OECD countries and 12 emerging countries commit to more responsible conduct for companies

Meeting in Paris on Thursday 31 May, the 35 countries in the Organisation for Economic Cooperation and Development (OECD), plus Romania and 12 emerging countries (Colombia, Lithuania Argentina, Brazil, Costa Rica, Egypt, Jordan, Kazakhstan, Morocco, Peru, Tunisia and Ukraine), adopted a new legal instrument to favour the adoption of more responsible business conduct.

The "OECD Due Diligence Guidance for Responsible Business Conduct" is the first government-backed standard for corporate due diligence on responsible business conduct.  It covers all sectors of the economy and addresses a range of risks in business operations and supply chains, including human rights, labour, the environment and corruption. 

It aims to inform businesses clearly of their duties on responsible conduct, and to ensure the same rules are applied across the board.

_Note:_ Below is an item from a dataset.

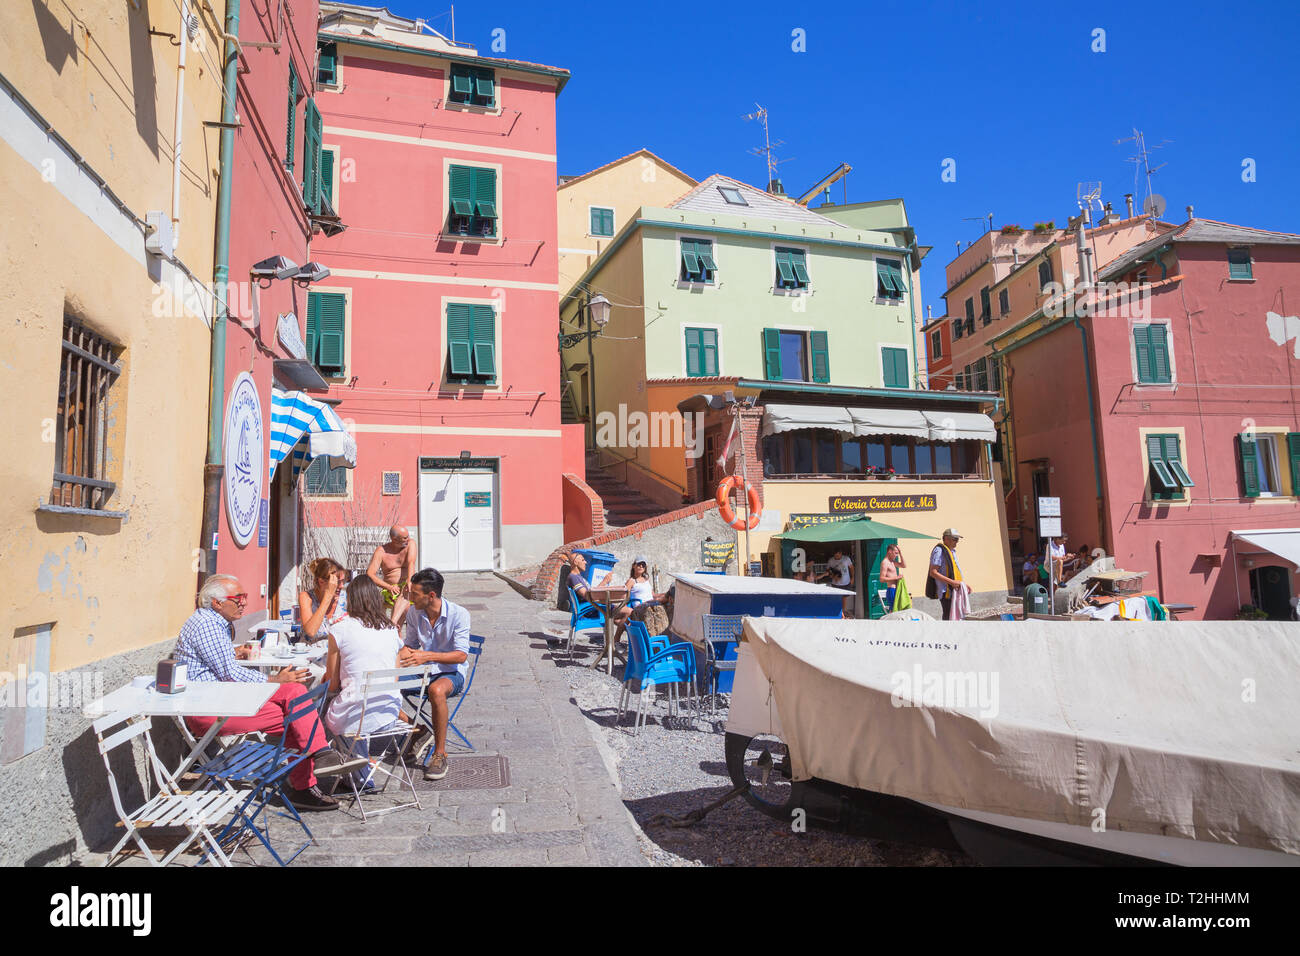 People dining at cafe in Boccadasse fishing village, Genoa, Liguria, Italy, Europe Stock Photo

The OECD will work with adhering countries to monitor implementation. Some countries, such as France, have adopted legislation with corporate duties to prevent human rights impacts in global supply chains.  Other countries, such as Germany, have committed to monitoring company implementation of due diligence as part of their national action plans on business and human rights.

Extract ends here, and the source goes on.